Using the patch in Bug 781039, we can use a mouse for swipes and clicks, but we're restricted because we cannot tap on coordinate x1,y1 and then tap on coordinate x2,y2. We are restricted by having to drag the mouse to the location and then click. To drag the mouse, we have to use relative motion from wherever the mouse was first initialized. You can't do something like "drag from x1,y1 to x2,y2". Right now, you can only do things like "move 1 pixel down". We are also restricted because we need to physically have a mouse plugged in to the device to just send events.

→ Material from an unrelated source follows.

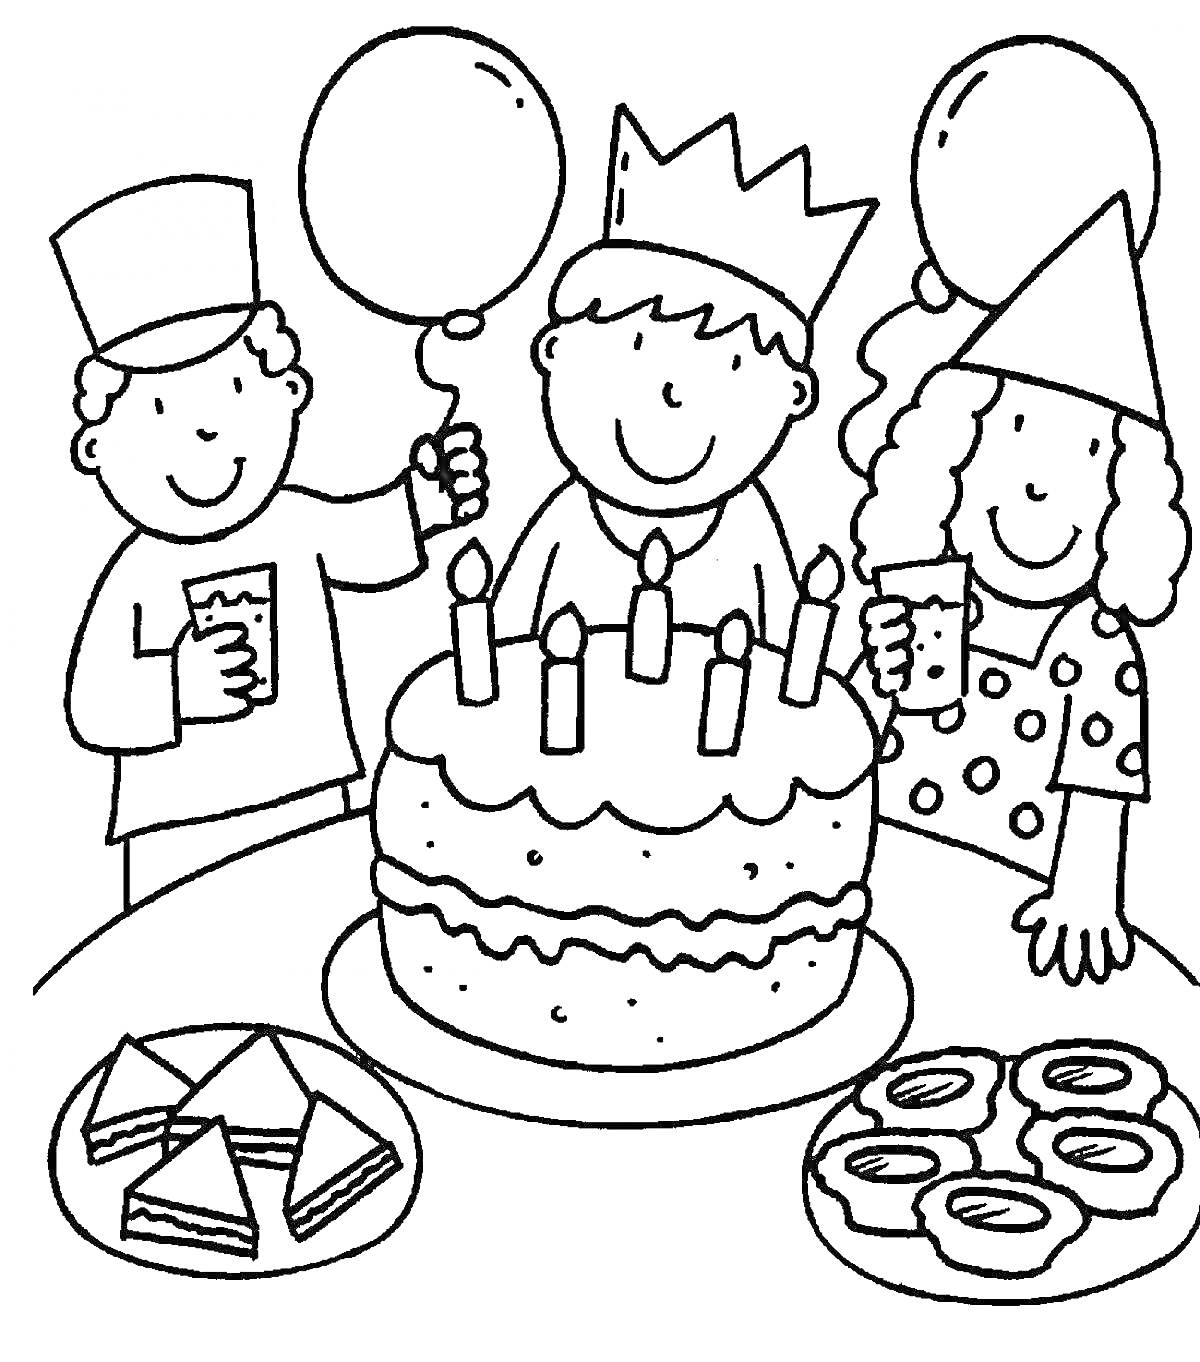 Дети на вечеринке с тортом, свечами, воздушными шарами, треугольными бутербродами и пончиками.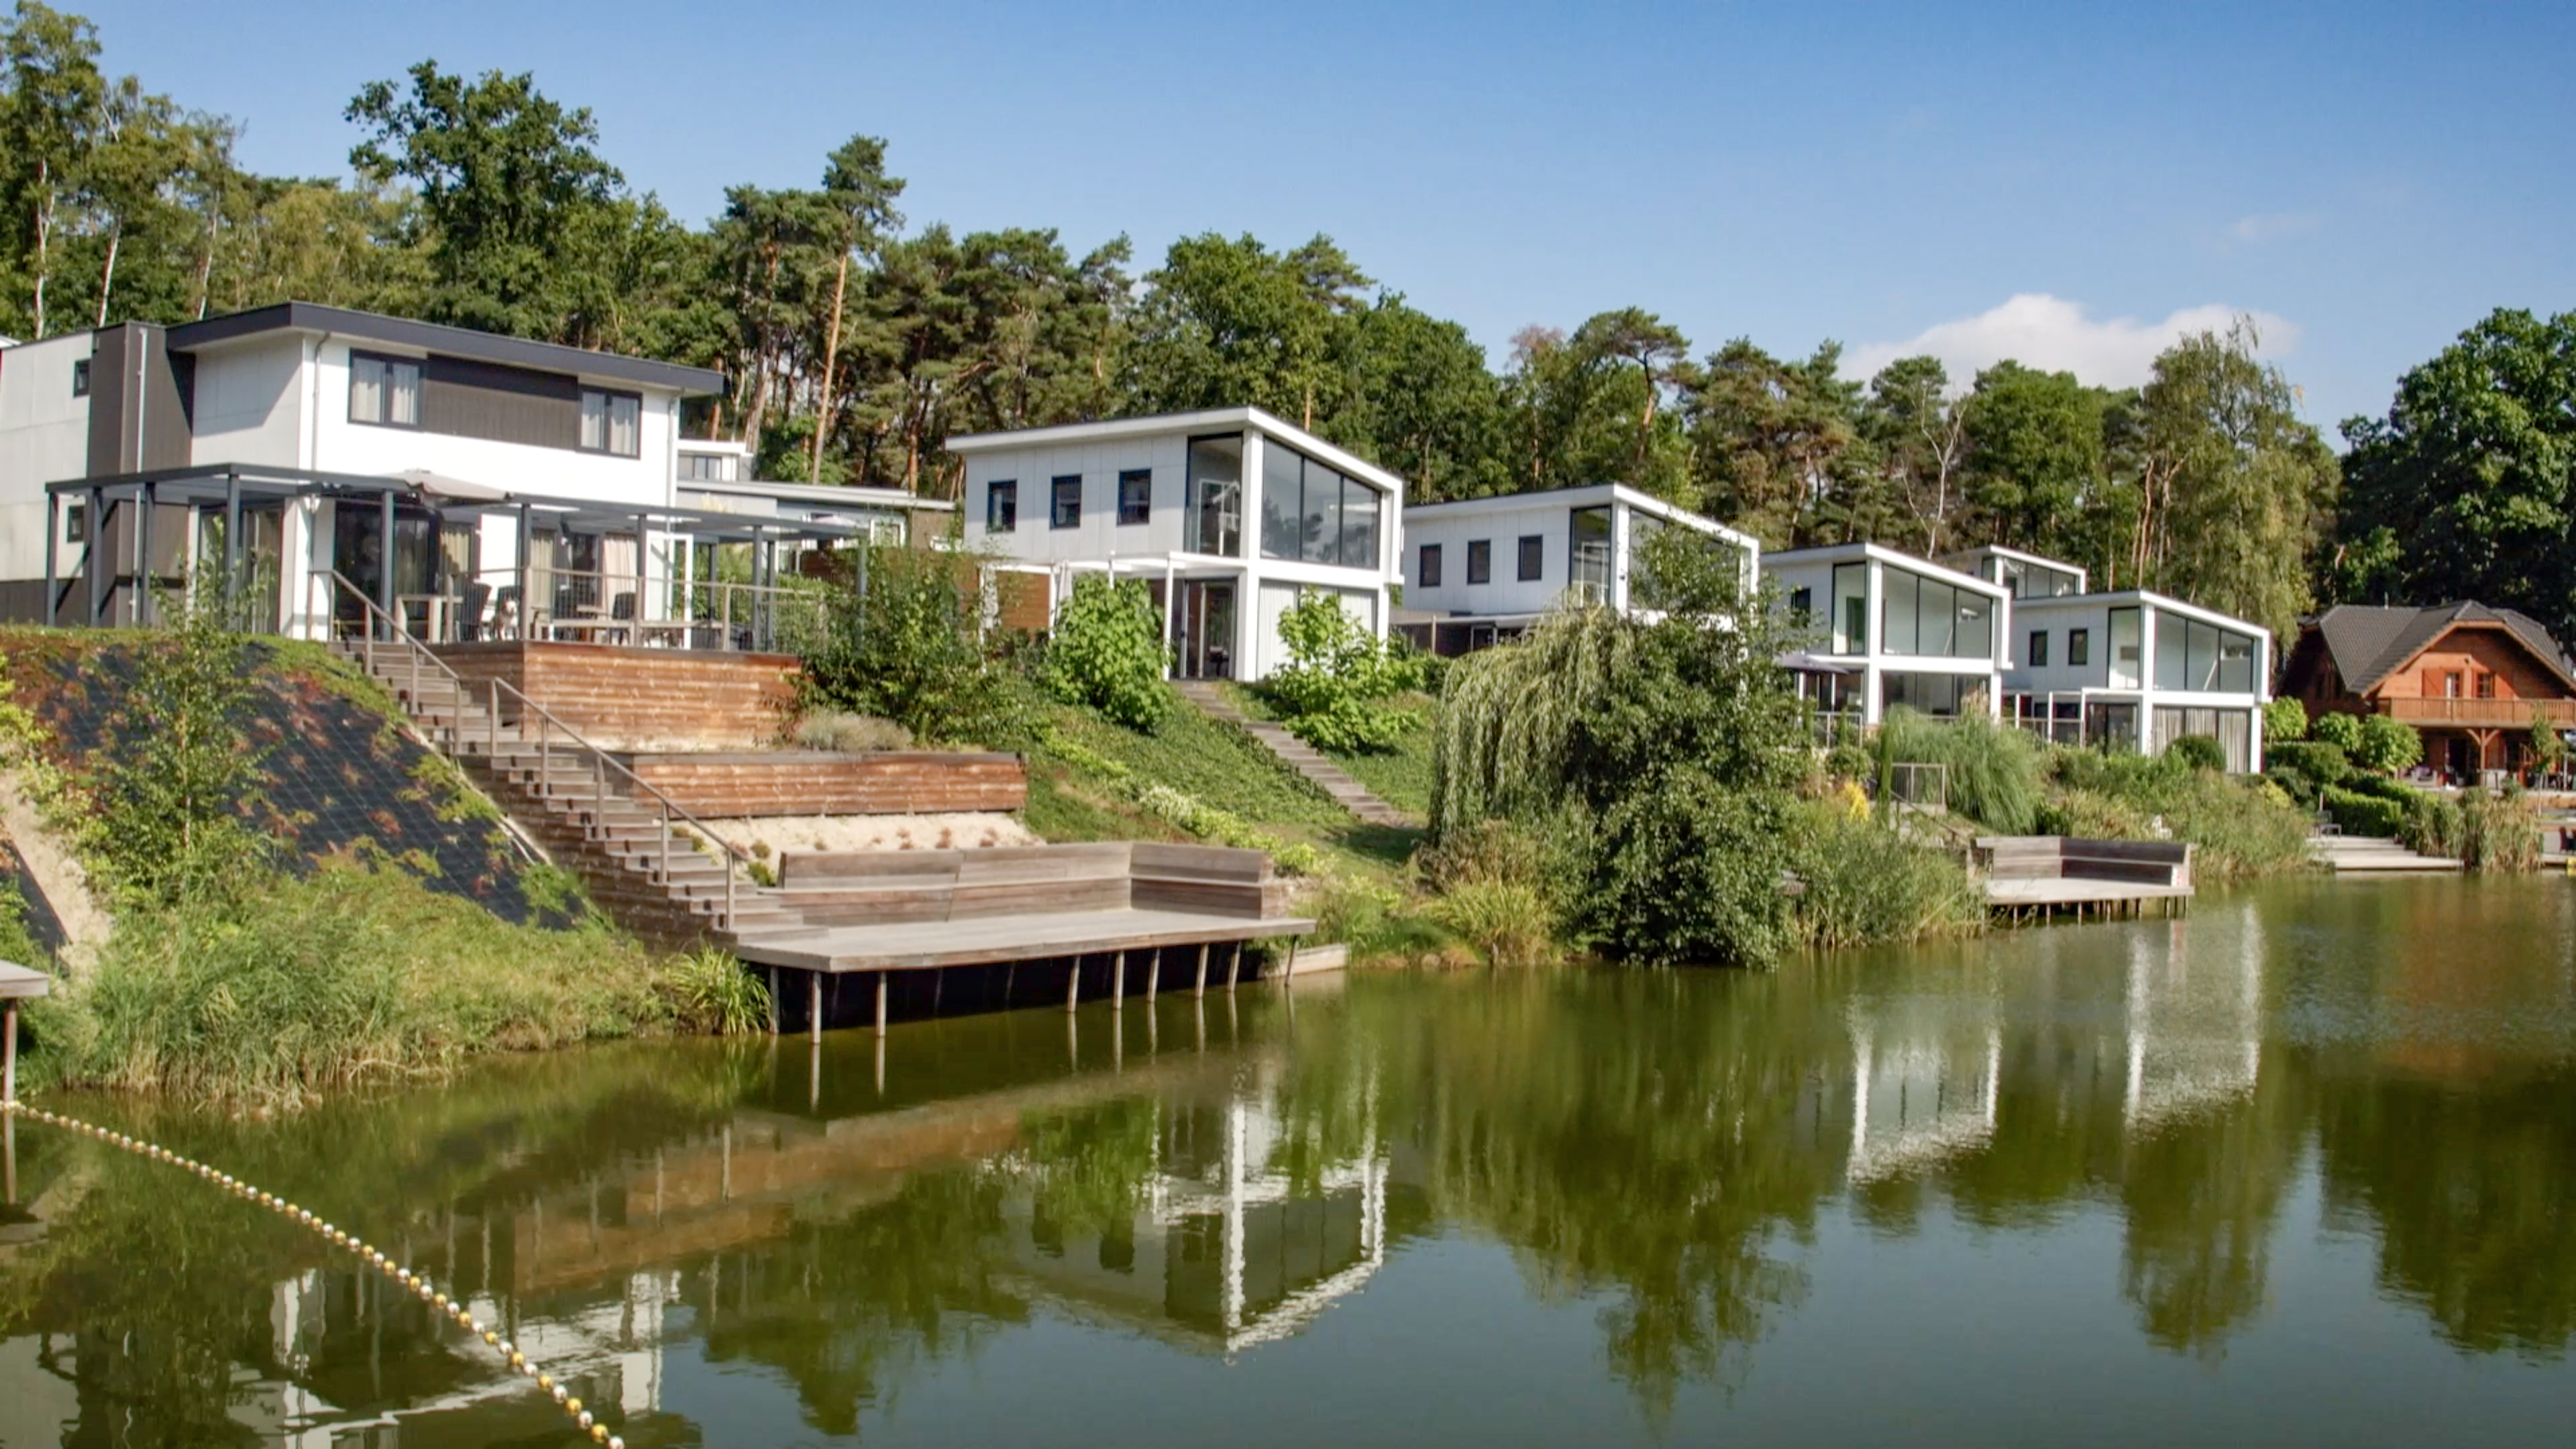 Aanbieding vakantiehuisje Zuid Limburg 🏕️ EuroParcs Resort Brunssummerheide

We can record and playback mouse events for the time being, but an input driver just for testing at the /dev/input layer would be really useful in the future. This way, we can tap at particular locations, and hopefully this can be extrapolated to doing pinch/zoom actions, and we won't be restricted by having to use hardware.
We'll need this sooner than later; it seems that a double-click mouse event doesn't trigger a zoom like a double-tap touch event that would. This means we can't get the NYtimes or Nightly zooming tests (http://wrla.ch/eideticker/dashboard/#/taskjs-scrolling/checkerboard) running on b2g pandaboard until we get this driver.

Comment 2

6 years ago
That sounds like a bug.. We should be sending largely the same touch events with the mouse as we do with a real touchscreen.
I'll start working on this as soon as I got my PandaBoard set up.
Assignee: nobody → tdz
Status: NEW → ASSIGNED
Malini, I'm currently figuring out how to offer a flexible, yet simple interface to the input driver.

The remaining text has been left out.